The team has also synthesised a second new construct known as the comparator circuit, which again is not well characterised. Through its intended use as a gene regulation component a risk arises in that the comparator circuit could possibly join to unintended, functional genes and affect their regulation. As no specific issues have arisen yet no issues have been added to the registry, however upon characterisation of the biobricks any issues that do arise will immediately be included with the part.
Throughout the project the team handled all safety issues by following and complying with both government safety standards as well as university safety standards.
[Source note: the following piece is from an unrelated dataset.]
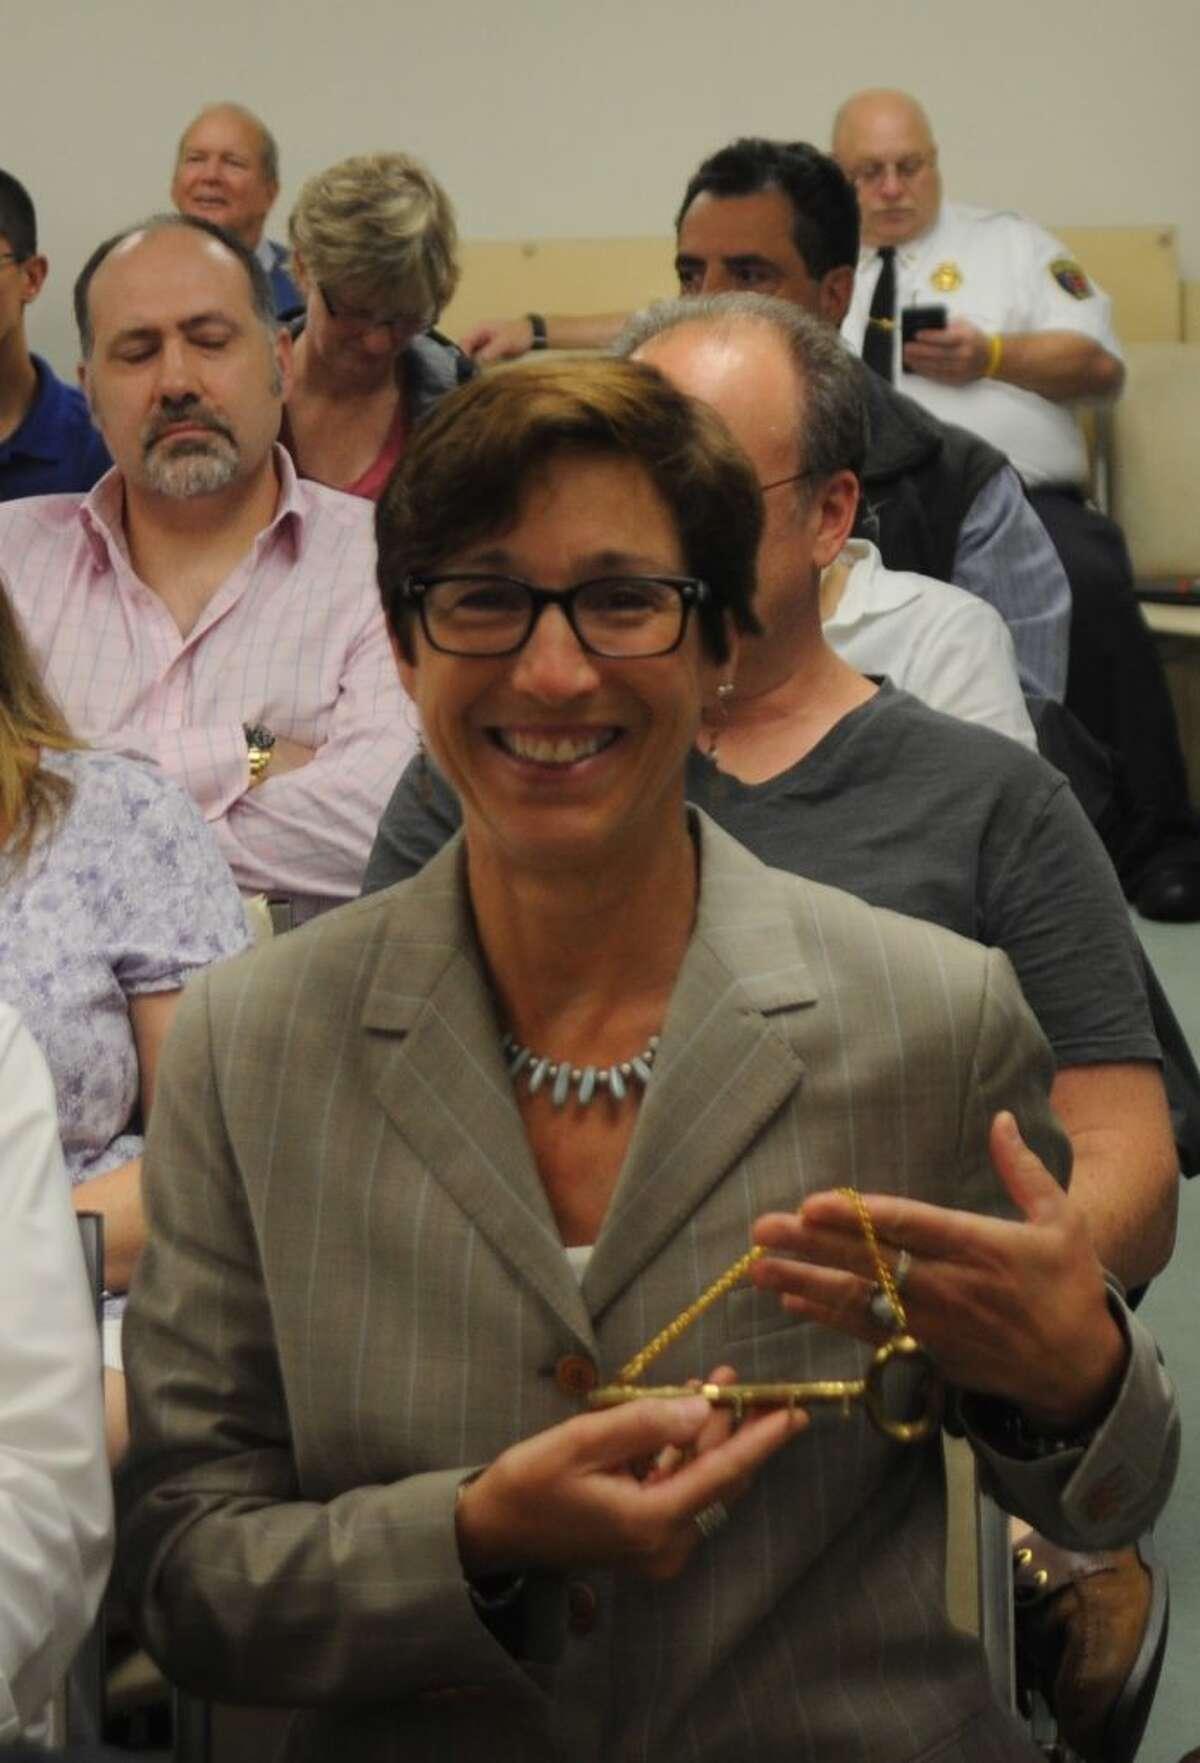 Wendy Lionetti, new town clerk, displays the ceremonial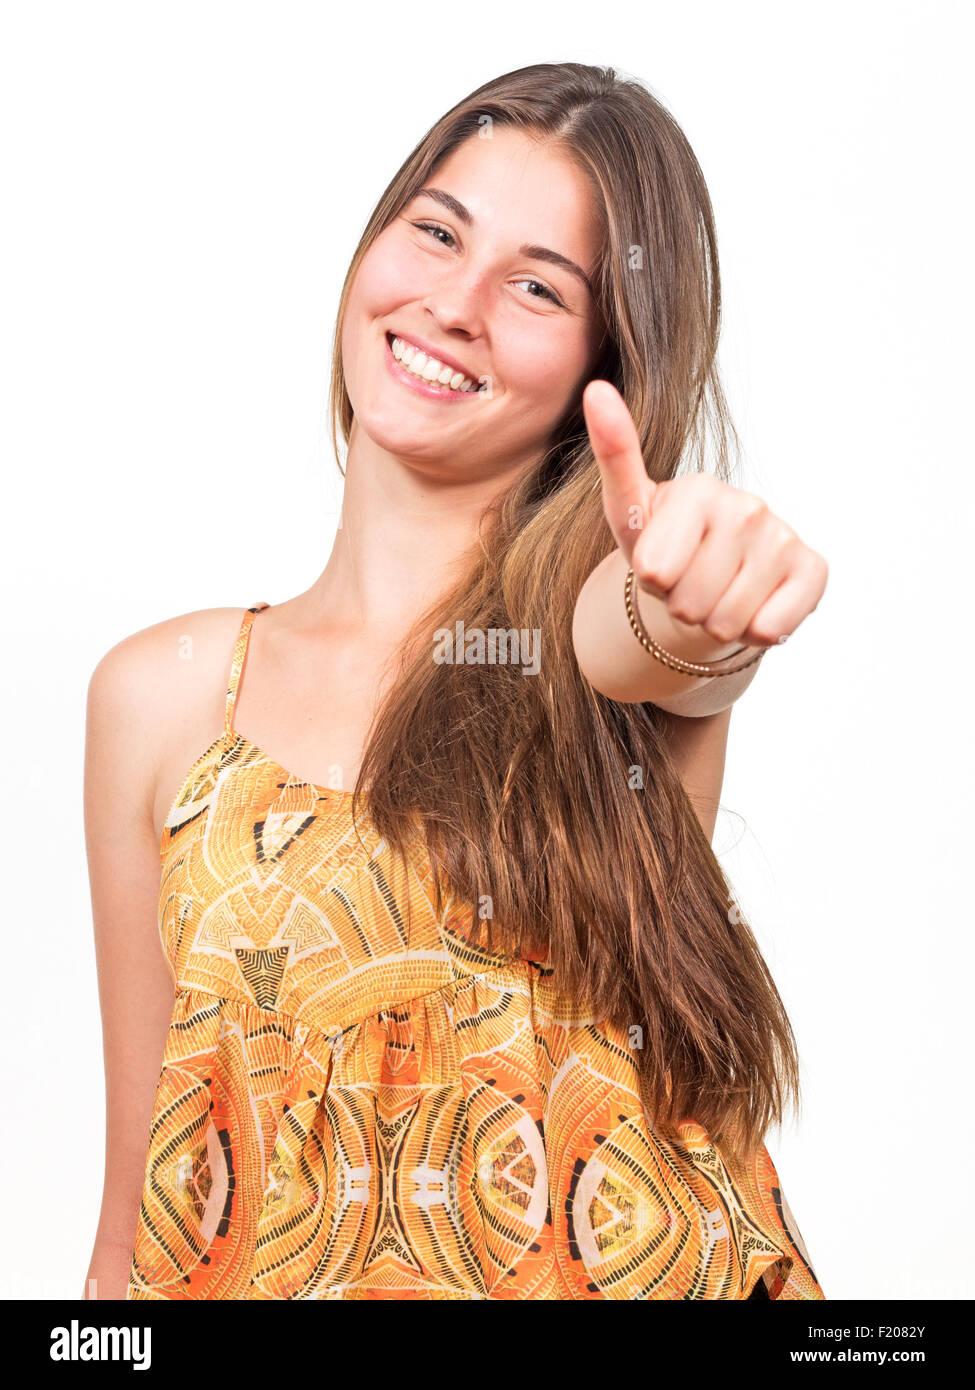 Junge Frau contenção mit dem Daumen nach oben Imagens de Stock

The team has also inserted the biobricks into narrow host-range plasmids (as produced by iGEM), thus reducing the chances of horizontal gene transfer. Biobricks of B-M, M-B, and the comparator circuit, were all transformed into standard BSL1 laboratory autotrophic strains of E. coli and are therefore unlikely to survive outside of the laboratory.
Future iGEM teams could increase their safety by connecting the B-M and M-B biobricks to a suicide gene. This would mean that in the unlikely event of the transformed cells being released into the environment and unintended bacteria taking up the biobrick-containing plasmid, the unintended bacteria would be destroyed and further spread of the hybrid promoter biobricks would be prevented.
UEA takes both staff and student safety very seriously and has its own health and safety polices and biosaftey rules that must be followed:File:UEA GMO rules.pdf,File:UEA statment of health and saftey policy.pdfandFile:UEA Microbiological saftey rules.pdf. These have been created to follow the guidelines and biosafty rules that have to be considered in the United Kingdom as seen here http://www.hse.gov.uk/biosafety/gmo/law.htm, http://www.hse.gov.uk/biosafety/gmo/acgm/acgmcomp. All our projects are in compliance with both university requirements and national regulations.
The university also has its own biosafety committee in which the responsibilities of different aspects of safety are split between departments and staff. Dr Andrew Hemmings is the BIO safety officer at UEA and spoke to members of the team about the project and discussed whether our COSH forms covered the processes carried out. The team then discussed their project further with other members of staff including Dr Mark Coleman, university GMO safety officer, and Dr Gabriella Kelemen, university microbial safety officer.
When speaking to the UEA biosafty team there was no concern with the processes being carried out and the bacteria being used. When the team spoke to GMO safety officer, Dr Mark Coleman, about the safety of the biobricks they intended to create he said "there is a highly improbable chance this project poses a significant risk to either human health or the environment".
Although the team started looking at NO, the dangers of unintentional exposure to NO soon became clear. Therefore, the team would hope that through using systems similar to our comparator sensor, NO sensors will be produced that are in the form of a sheet of paper and can be placed on the wall of labs, and buildings ect, to indicate excess levels of NO visually.
The team feel that future iGEM teams could aim to reduce the chance of horizontal gene transfer further by reducing the adherence between the transformed cells and others, or via the Prevention of transformations without inducing competency. This would be a procedure to prevent some cases of antibiotic genes being passed through between bacterial species. However, a variety of other safeguards could also be deployed to prevent this.